== ASSIGNED TASK ==
Give the data back exactly. Leave out any images.

== INFORMATION SHOWN ==
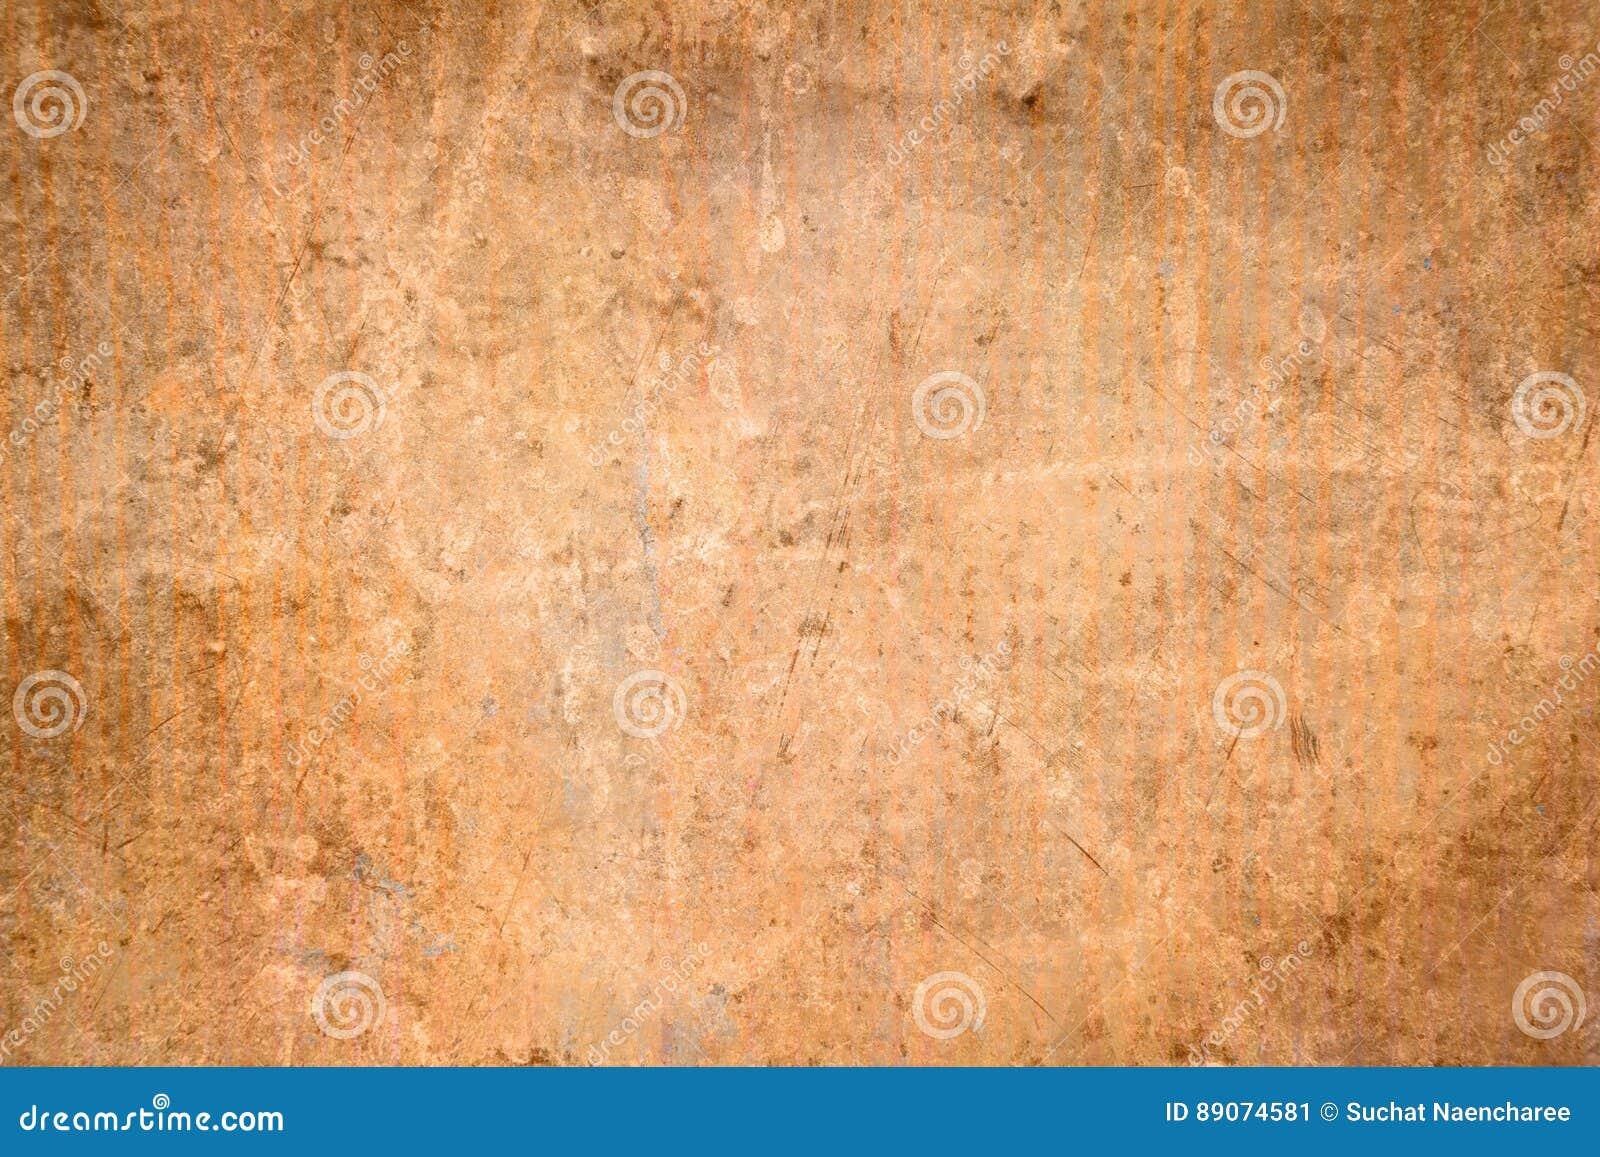 Grunge Rustic Copper Texture
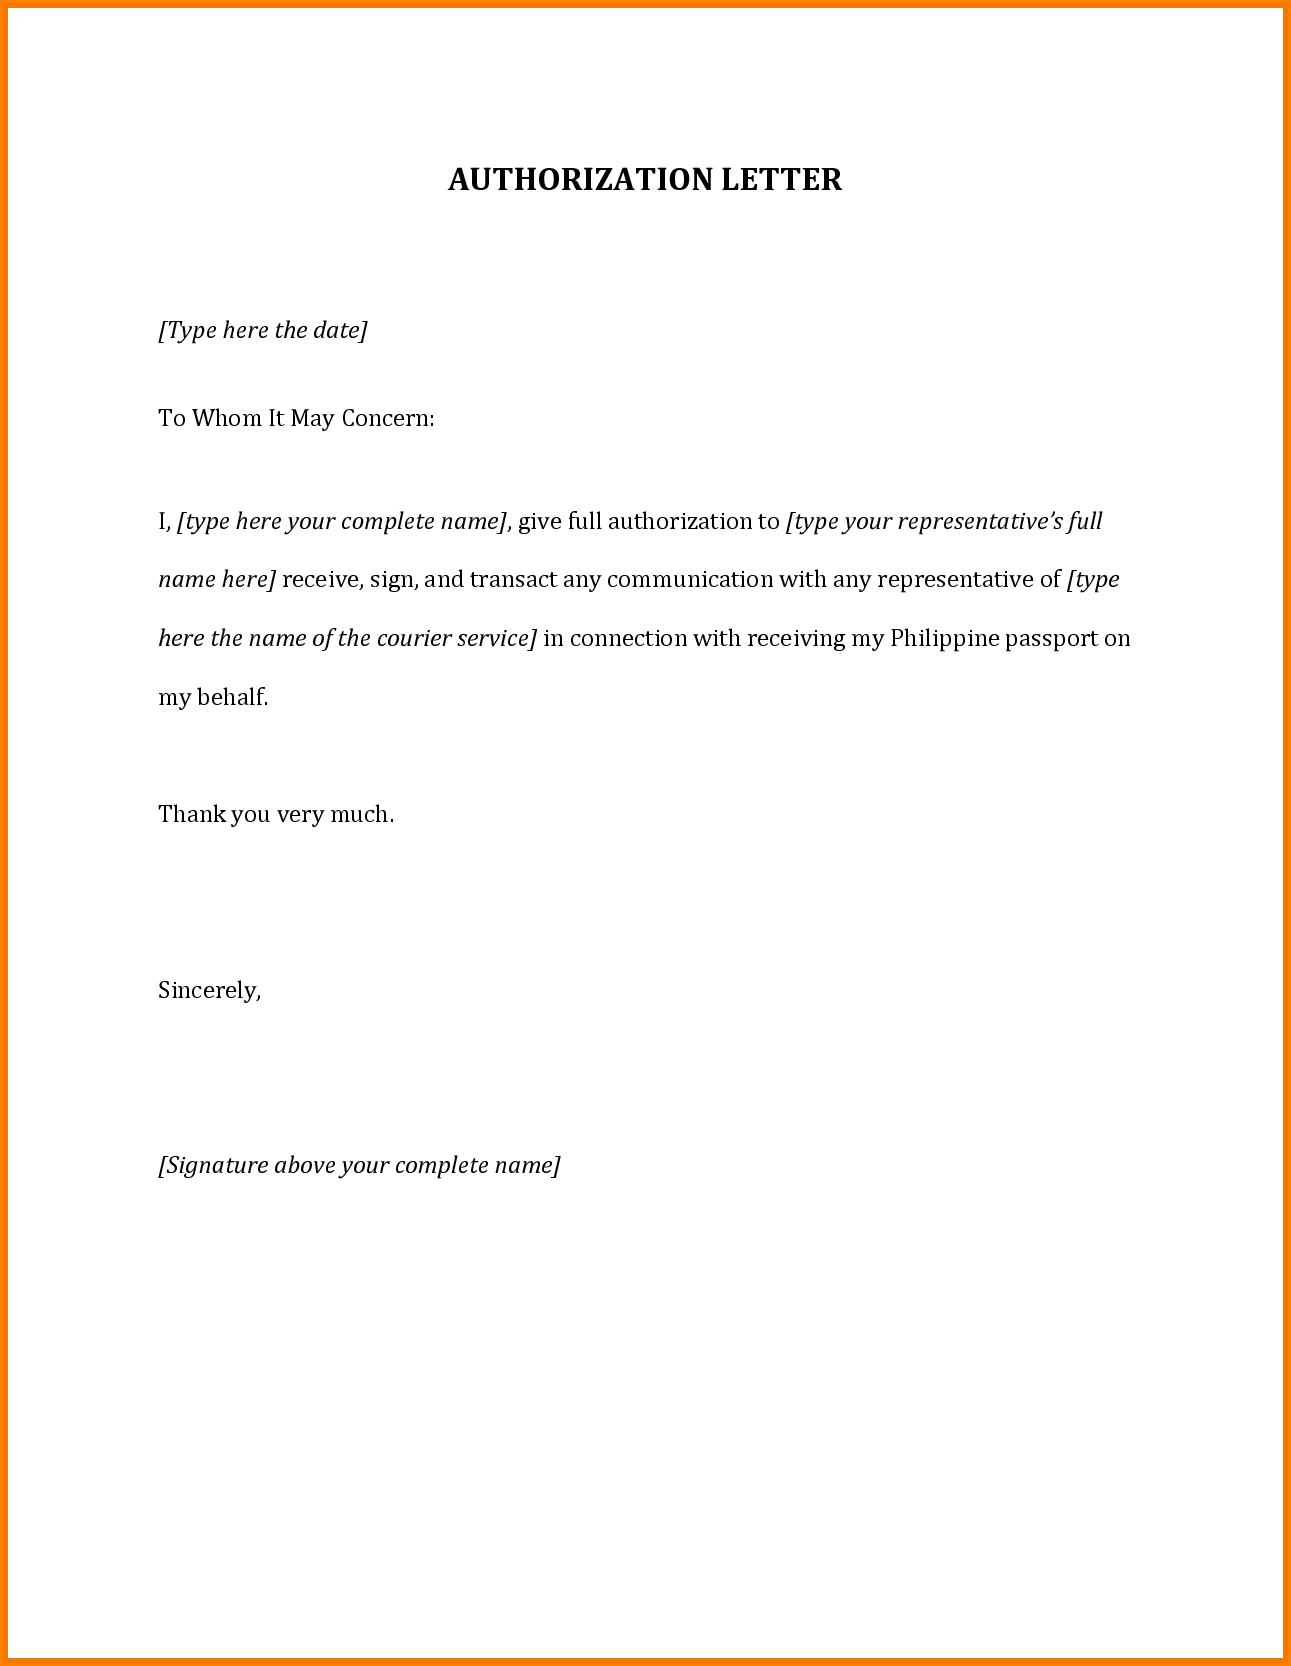 Authorization Letter For Passportmple Travel Home Design Idea
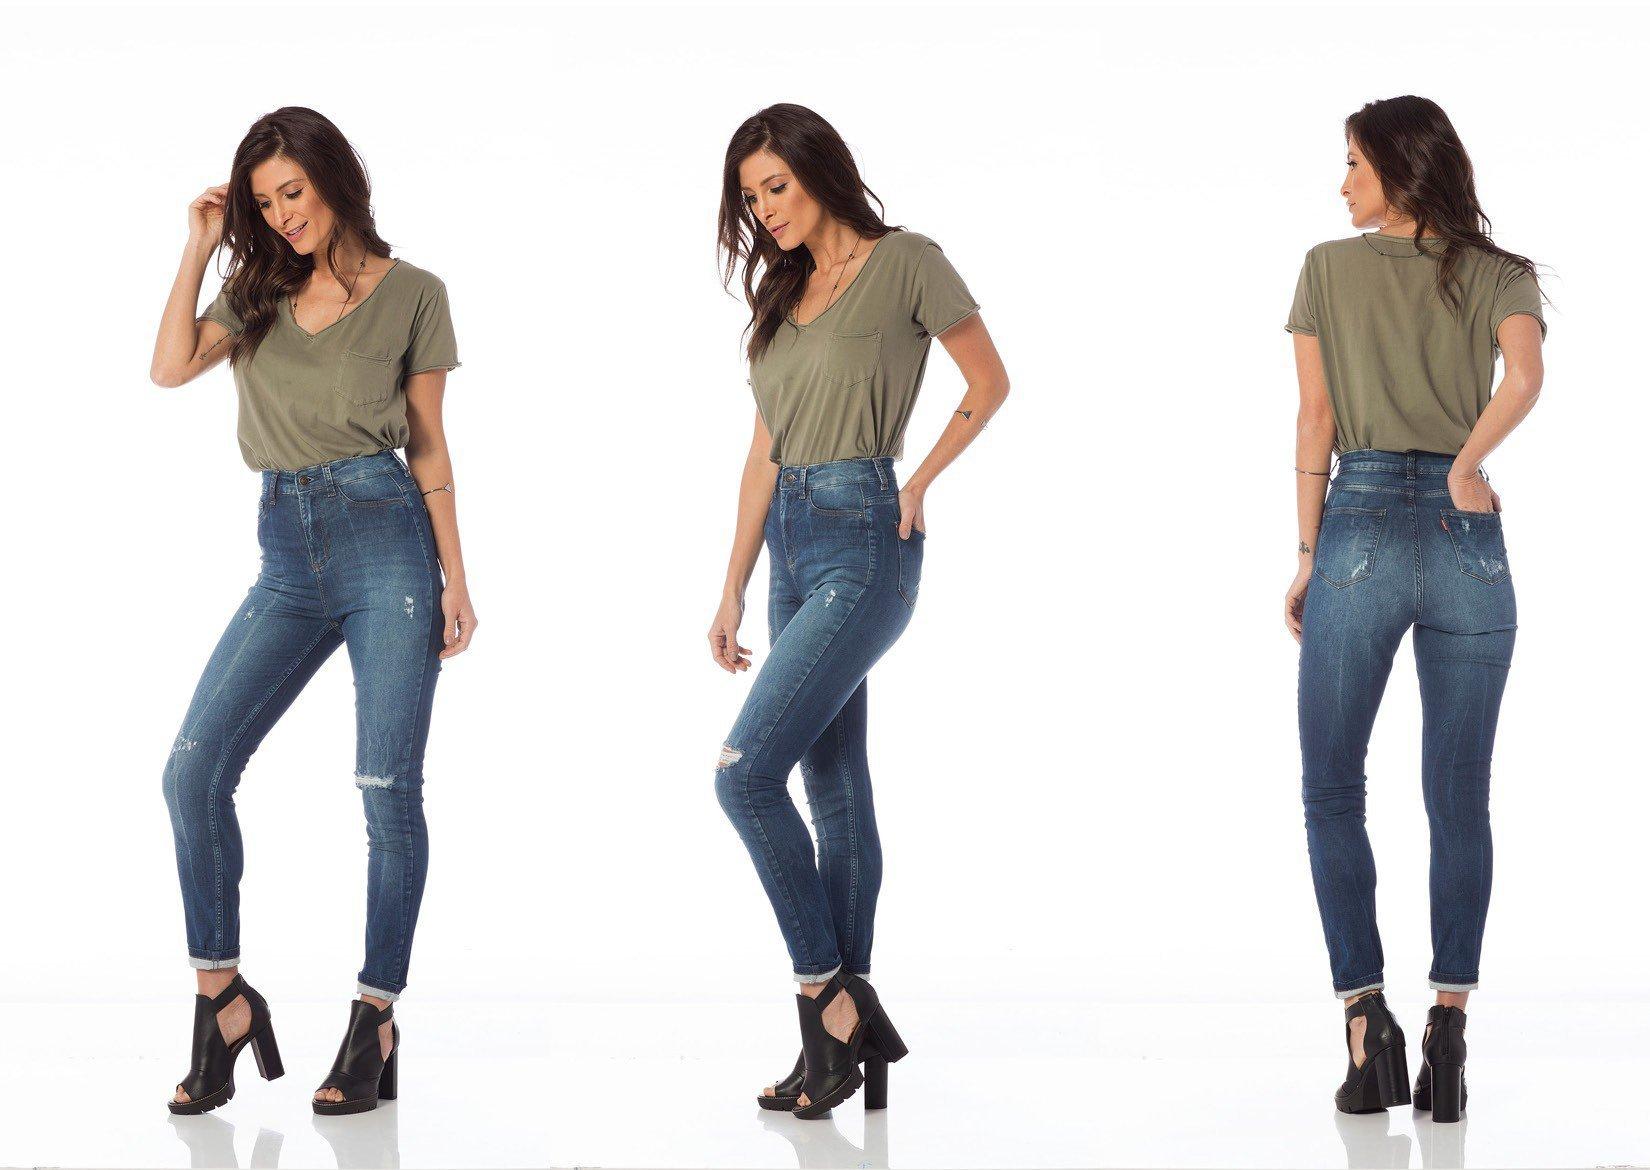 calca skinny hot pants com puidos dz2674 tripla denim zero

== ANSWER ==
 Grunge Rustic Copper Texture
 Authorization Letter For Passportmple Travel Home Design Idea
 calca skinny hot pants com puidos dz2674 tripla denim zero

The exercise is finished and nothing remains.